Auf die voluminöse Stimme von Marietta Alboni wurde schon ausführlich Bezug genommen, leider muss man feststellen, dass auch ihr Körperumfang voluminös war, was zahlreiche Fotografien belegen; manche Lexikonbeiträge sprechen ganz uncharmant von »Fettleibigkeit«, die bewirkt haben soll, dass die Sängerin in ihren späten Jahren auch auf einem Stuhl sitzend Konzerte gab.

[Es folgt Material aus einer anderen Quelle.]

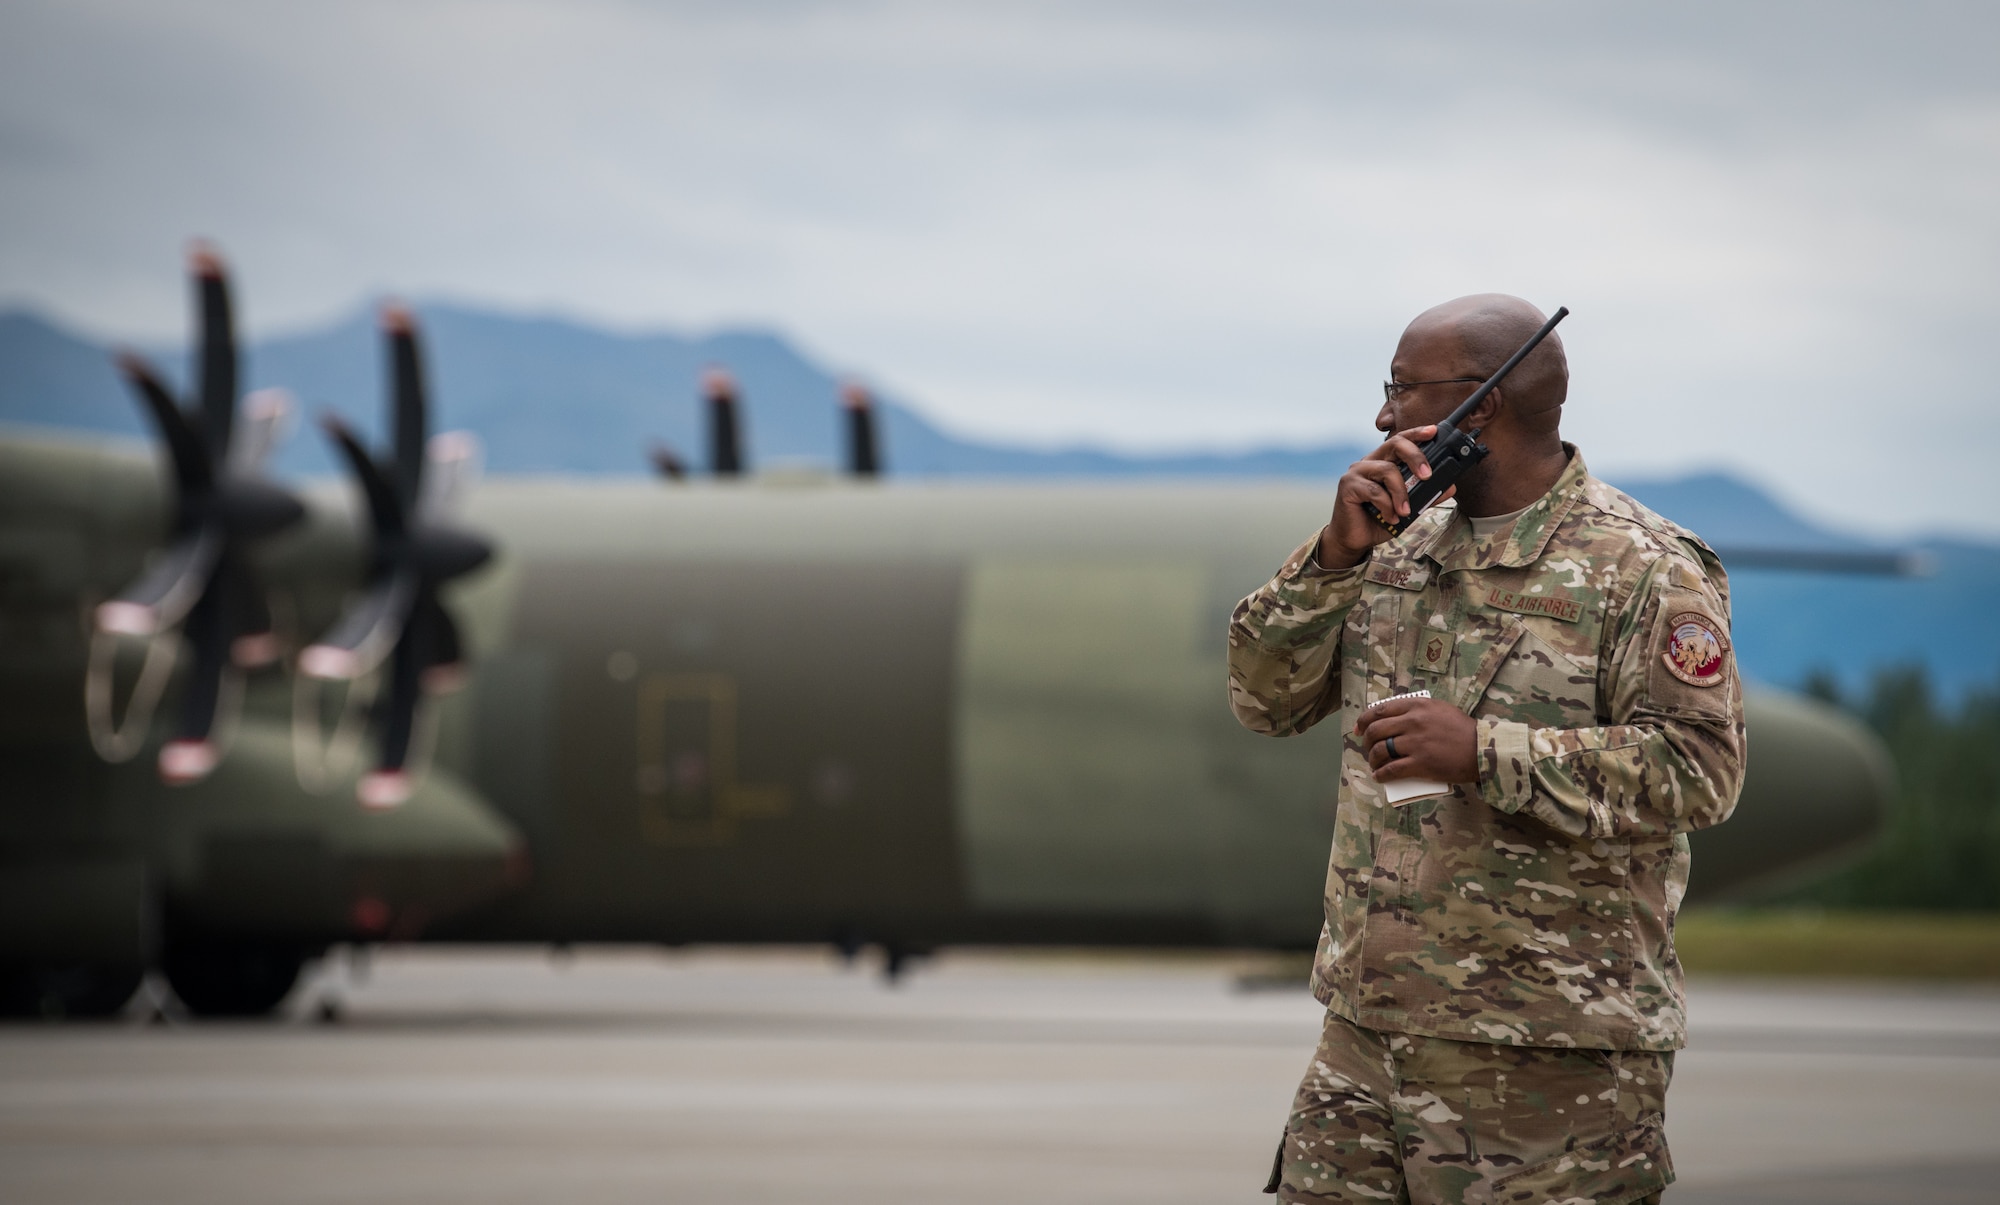 U.S. Air Force Master Sgt. Rick Moore, 353rd Special Operations Maintenance Squadron productions superintendent, speaks on a walkie-talkie at Joint Base Elmendorf-Richardson, Alaska, Aug. 13, 2018. In addition to U.S. Air Force Airmen, counterparts from Australia, Canada and the United Kingdom are also scheduled to participate, enabling the exchange of tactics, techniques and procedures while improving interoperability with fellow Airmen.

Auch wenn keine Tondokumente vorhanden sind, kann man aufgrund der Faktenlage feststellen, dass Marietta Alboni mit zu den größten Persönlichkeiten der Vokalmusik gehört. Sie starb 1894 im Alter von achtundsechzig Jahren in Ville-d´Avray bei Paris in ihrer »Villa La Cenerentola« und hinterließ den Armen von Paris einen beträchtlichen Teil ihres Vermögens. Wenn keine Tonträger vorhanden sind, verblasst der Ruhm reproduzierender Künstler in der Regel recht schnell. Aber in Albonis ursprünglicher Heimat haben sich Menschen an sie erinnert und ihr Andenken wird gepflegt. So gibt es in Cesena einen kleinen Platz der nach ihr benannt ist und man hat auch die nach ihr benannte Rosenzüchtung dort angepflanzt. Schon einige Male wurde hier auch ein Marietta Alboni-Preis an Sängerinnen übergeben. In Paris, ganz nahe am Eiffelturm, jedoch auf der anderen Seite der Seine, gibt es eine nach der Sängerin benannte Straße, die Rue de l´Alboni.
Praktischer Hinweis:
Das Grab von Marietta Alboni befindet sich auf dem Pariser Friedhof Cimetière du Père-Lachaise / Division 66. Man geht vom Haupteingang aus gleich links an der Toilettenanlage vorbei auf die Avenue du Boulevard, ein Weg, der direkt an der Friedhofsmauer entlang führt und biegt zwischen den Gräberfeldern 61und 62 rechts ab auf den mit chemin Gosselin bezeichneten Weg. Das sind vom Hauptausgang aus etwa 350 Meter. Noch einfacher gestaltet sich der Weg, wenn man den kleinen Seiteneingang (links vom Haupteingang) am Place Auguste Métivier benutzen kann, von dort aus sind es nur etwa 200 Meter bis zum Grab von Marietta Alboni.